Piedpiper & Legallady,
Thanks for the advice.
Legallady: Am definitely looking at options to increase income such as room rental, but even that may not meet repayments shortfall. Am subsidizing the repayments from our savings at the moment, but can only do that for a few more months.


----------



## Greta (31 Oct 2010)

JackN, don't wait until you run out of savings - talk to your bank sooner rather than later about extending the term of your mortgage and try to hold on to your savings.
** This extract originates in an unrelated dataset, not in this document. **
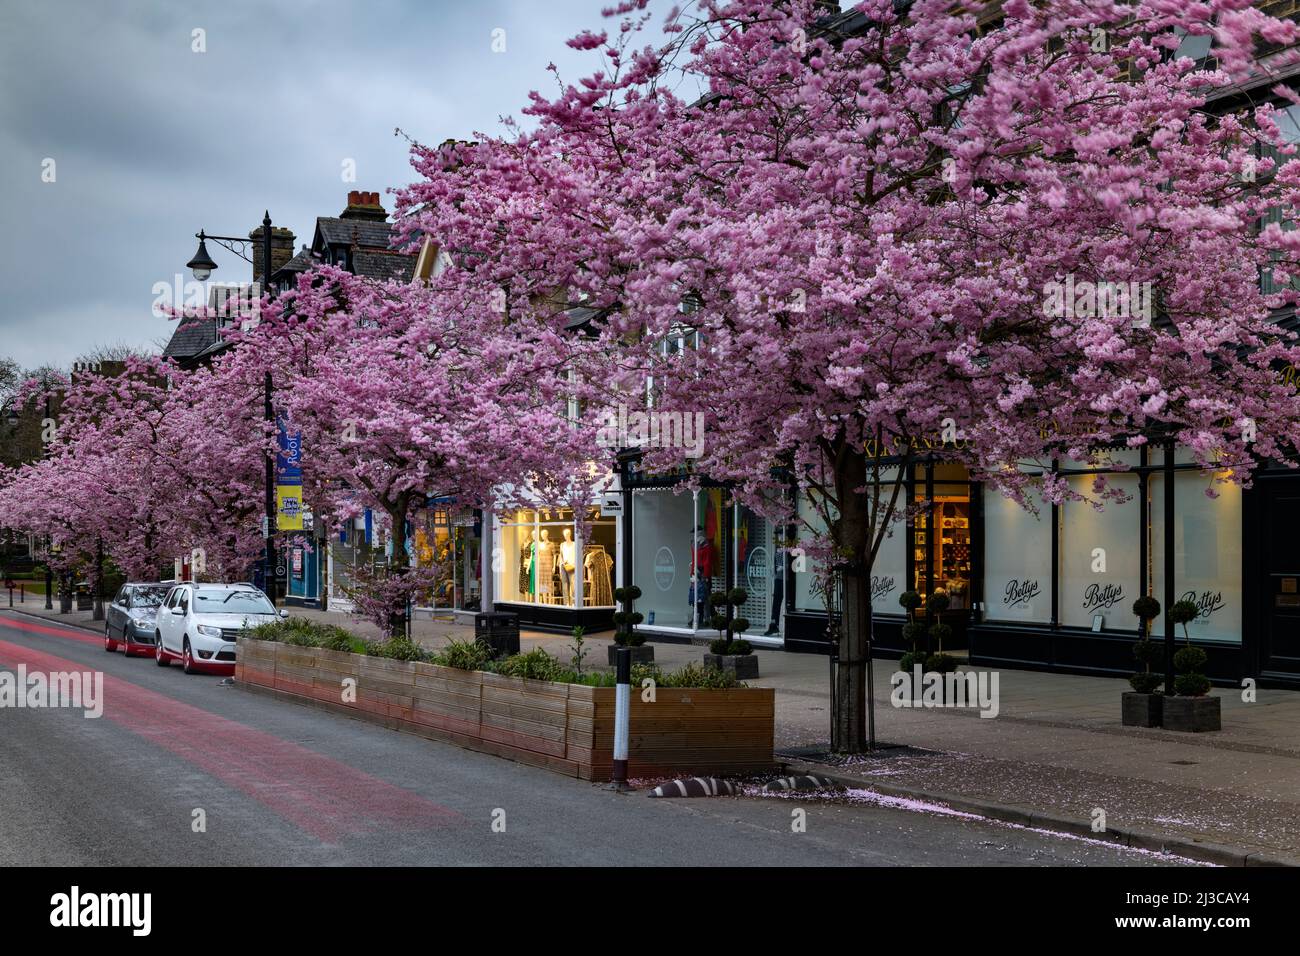 Pintoresco centro de la ciudad de primavera (hermosos y coloridos cerezos en flor, restaurante-cafetería frente a la tienda, por la noche) - The Grove, Ilkley, Yorkshire, Inglaterra, Reino Unido. Foto de stock

One word of advice - when asking your bank to extend your term, go for the longest term possible. You can always increase the payments later on, when your situation improves, thus reducing the term, but if you need to increase the term again later on, you'll need to apply to the bank again etc. So it is generally wise (if there are no early repayment penalties) to apply for a long term at first, and increase the repayments later on, if and when it suits you. In that situation, you will always have the option to revert back to the original repayments, so it gives you that extra bit of safety net.


----------



## Brendan Burgess (31 Oct 2010)

PiedPiper said:


> Hi
> 
> I dont know about your specific situation what I would say is ask for your full file under freedom of information.  Make sure you read all your own documentation.  Dont go alone to meet them.
> 
> ...



I am surprised at this comment, but I don't have any specific experience of NIB to confirm or deny it.

Most people who posted on askaboutmoney about their experience rescheduling, had a good experience. Check out this thread.
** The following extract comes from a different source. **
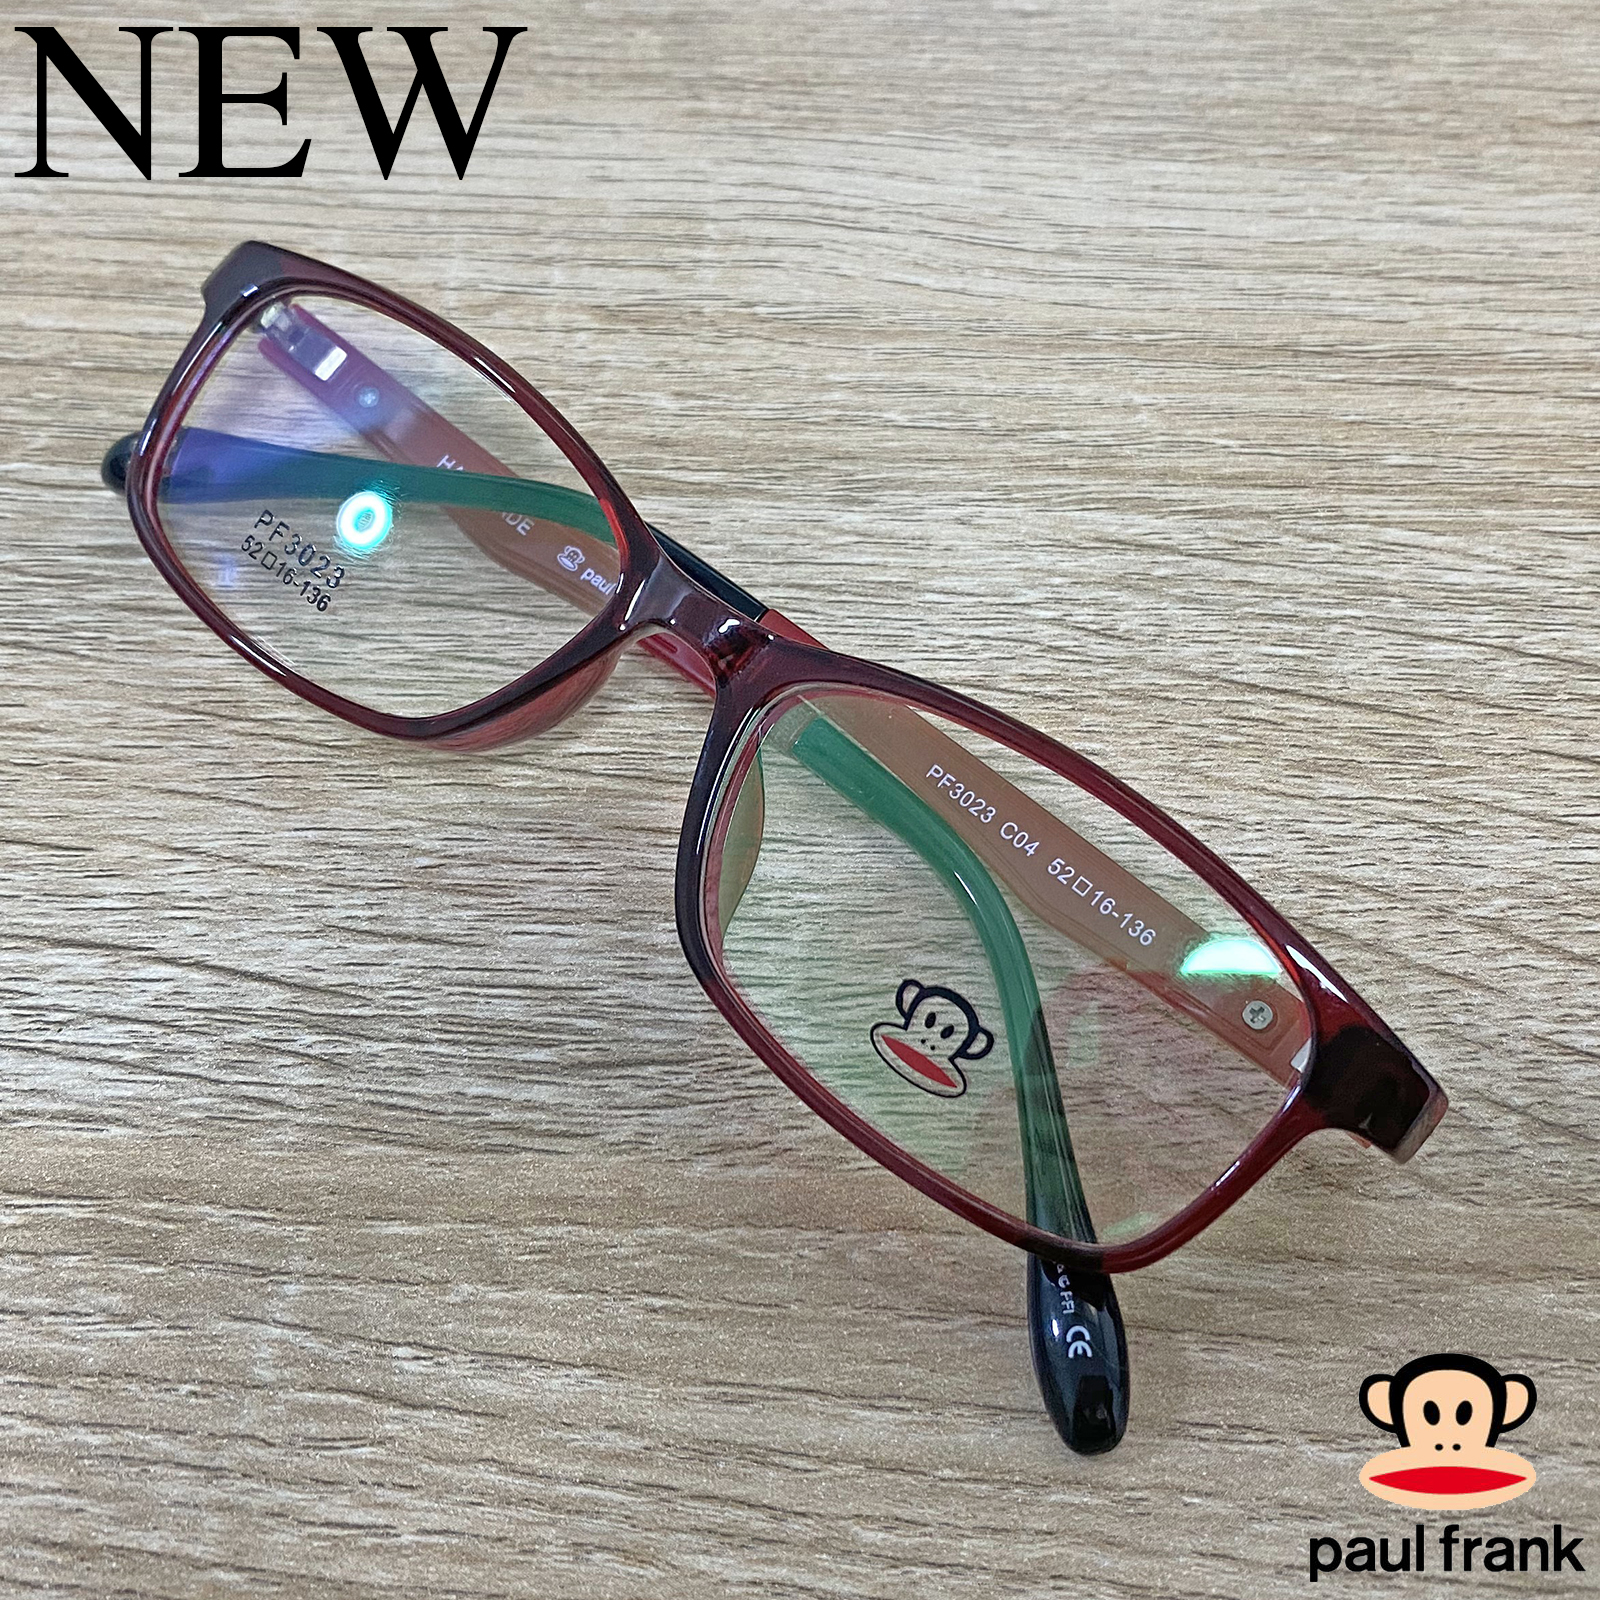 Fashion กรอบแว่นตา สำหรับตัดเลนส์ แว่นตาชาย หญิง แว่นตา รุ่น Paul Frank 3023 สีแดง กรอบเต็ม ทรงเหลี่ยม ขาข้อต่อ วัสดุ TR 90 รับตัดเลนส์ทุกชนิด

I would not go in all guns blazing, quoting the CCMA, and bringing in a friend.  I would go in with a positive attitude and expect a good experience. They are obliged to discuss various options with you under the CCMA. 

NIB's website has its [broken link removed] on Debt Managment. You can quote this section if you don't get a good response initially.

If you are not satisfied, you can complain to the Ombudsman. 

Good luck with it and do remember to report your experience on Askaboutmoney as it will be helpful to others. 

Brendan


----------



## JackN (1 Nov 2010)

Thanks Greta & Brendan. Sound advice!


----------



## Ailesbury (3 Nov 2010)

The financial regulator in October 2008 states that banks cannot move customers off trackers if they are in adverse circumstances thereby taking advantage of their situation. Look to the press statements on the regulators website, call them if in doubt they are good people offering good advice. Meet NIB, this whoudl not be an issue, if it is document the conversation and call the regulators advice number. Most insitutions will restructure and help you out ie stretch the term or put you in a lower payment for a while, while we all get throught this recession.


----------



## JackN (18 Nov 2010)

An update for those interested.

I met my NIB manager for an informal chat to discuss options. It was a friendly and open meeting. He said that it would not be a problem to go  interest-only for 3 or 6 months and that would not affect my tracker rate. However,  if it is necessary to reduce payments over the long term so that the repayments  extend beyond the original term of the mortgage, then they may require a move to variable rate. 

We left it at that for the present and agreed to meet again, if necessary, after I have a more complete view of  my 2011 income and the impact on it of the upcoming budget.


----------



## JackN (1 Feb 2011)

Another update:

I prepared a detailed 2011 plan showing income and expenses  along with supporting documentation such as pay-slips, bank statements, credit-card statements, etc..

NIB reviewed it and agreed to six months of reduced payments. After that, we will review the situation again.

I was hoping for a 12 month arrangement, but I will settle for this.


----------



## wbbs (1 Feb 2011)

Six months is the norm even if they know full well they will extend it at the review if circumstances are the same.   They have to justify their jobs!


----------